Frank Magerman

Personal information
- Full name: Frank Magerman
- Date of birth: 9 November 1977 (age 48)
- Place of birth: Dendermonde, Belgium
- Position: Defensive midfielder

Team information
- Current team: K Beerschot VA (assistant)

Senior career*
- Years: Team / Apps / (Gls)
- 1995–1998: Beveren / 4 / (0)
- 1998–1999: KSV Waregem / 16 / (2)
- 1999–2003: KV Oostende / 92 / (9)
- 2001–2002: → Geel (loan) / 19 / (1)
- 2003–2005: Eendracht Aalst / 58 / (4)
- 2005–2007: RS Waasland / 37 / (3)
- 2007–2011: Rupel Boom / 116 / (5)
- 2011–2012: Standaard Wetteren / 10 / (0)
- 2012–2013: Berchem Sport
- 2013–2014: KFCO Beerschot

Managerial career
- 2014–2017: KFCO Beerschot II
- 2017: KFC Duffel
- 2018–2019: Hamme
- 2019–2020: Berchem Sport
- 2020–2021: K Beerschot VA (youth)
- 2021–: K Beerschot VA (assistant)

= Frank Magerman =

Belgian footballer

Frank Magerman (born 9 November 1977 in Dendermonde) is a retired Belgian football midfielder and current assistant manager of K Beerschot VA.

==Career==
Frank made his debut in Belgian football with then First Division team SK Beveren. After relegation in 1996 and promotion in 1997, he moved to now defunct K.S.V. Waregem in Belgian Second Division in 1998. After only one year he moved on to Belgian Second Division club K.V. Oostende.

After a loan spell with Verbroedering Geel in 2001 he joined Eendracht Aalst. After a two-year spell with RS Waasland he moved to then Fourth Division club K Rupel Boom FC.

After the season 2009–2010, Frank won The Golden Shoe, a price awarded to the best player of the season, chosen by the supports.

After the relegation back to Belgian Third Division, Frank signed a contract with Second Division side Standaard Wetteren. With this club he was also relegated to Third Division.

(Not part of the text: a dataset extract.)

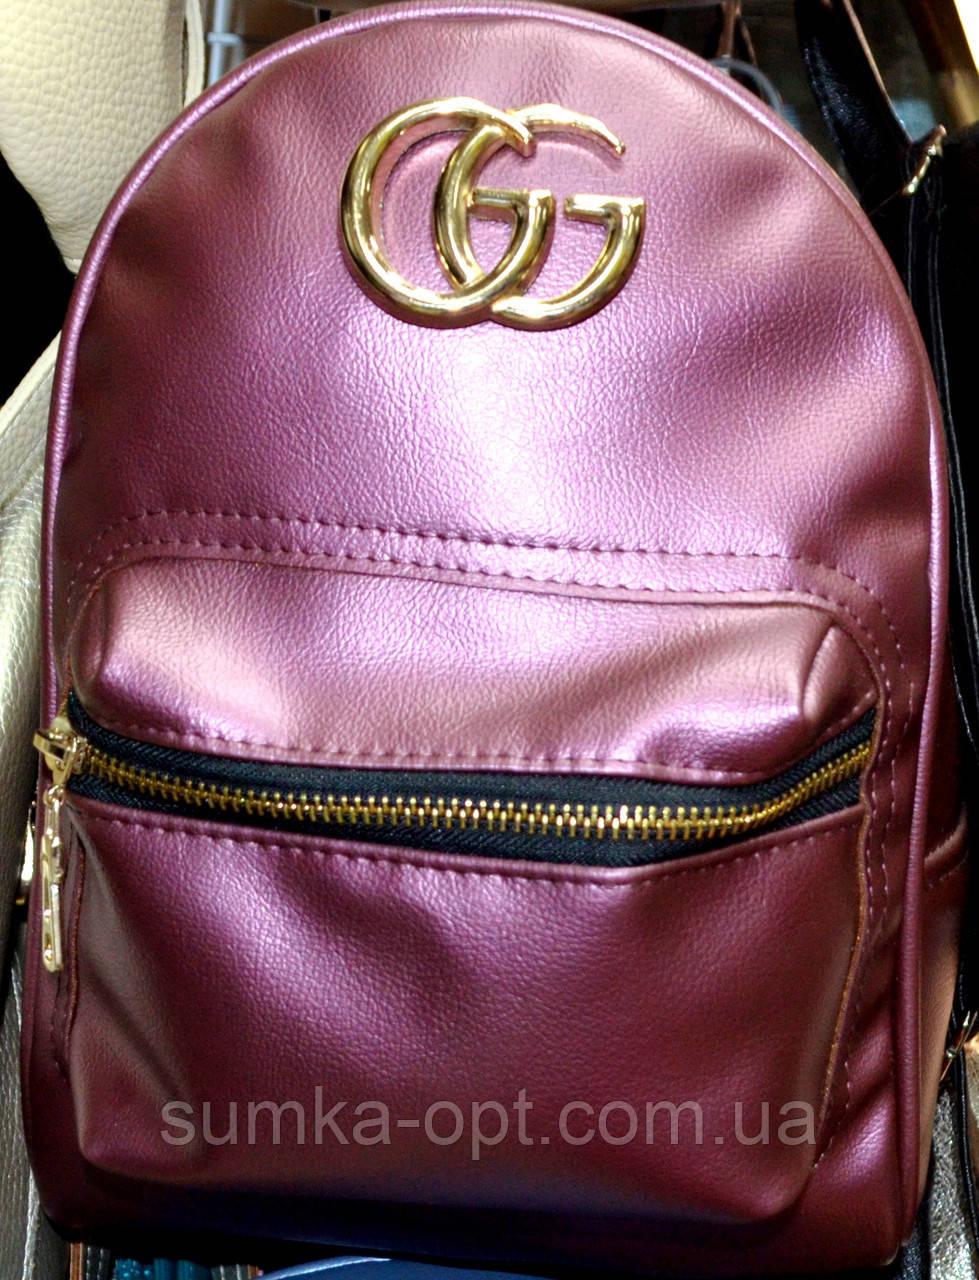 d7de683f0780 Городские рюкзаки Китай опт Gucci (бордо)23*28: продажа, цена в ...

In June 2012, Magerman signed a two-year contract with newly promoted Third Division side Berchem Sport.

==Coaching career==
Magerman played his last season as an active footballer at KFCO Beerschot and retired at the end of the 2013/14. He then became the manager of the club's reserve team. On 20 April 2017 the club announced, that Magerman after three seasons as manager, would leave the club at the end of the season and became the manager of KFC Duffel. On 23 December 2017 KFC Duffel announced, that Magerman had decided to resign because he didn't feel that he and the club was on the same wavelength.

In June 2018, he was appointed as manager of K.F.C. Vigor Wuitens Hamme. He was fired on 17 April 2019.

On 20 March 2019 Magerman returned to his former club, Berchem Sport, as the club's new manager. On 23 March 2020 it was confirmed that Magerman was done with the club after the season.

In April 2020, it was confirmed that Magerman returned to his former club, K Beerschot VA, in a coaching position at the club's academy. On 21 September 2021 Magerman was promoted to the first team staff as assistant coach to the club's new manager, Javier Torrente.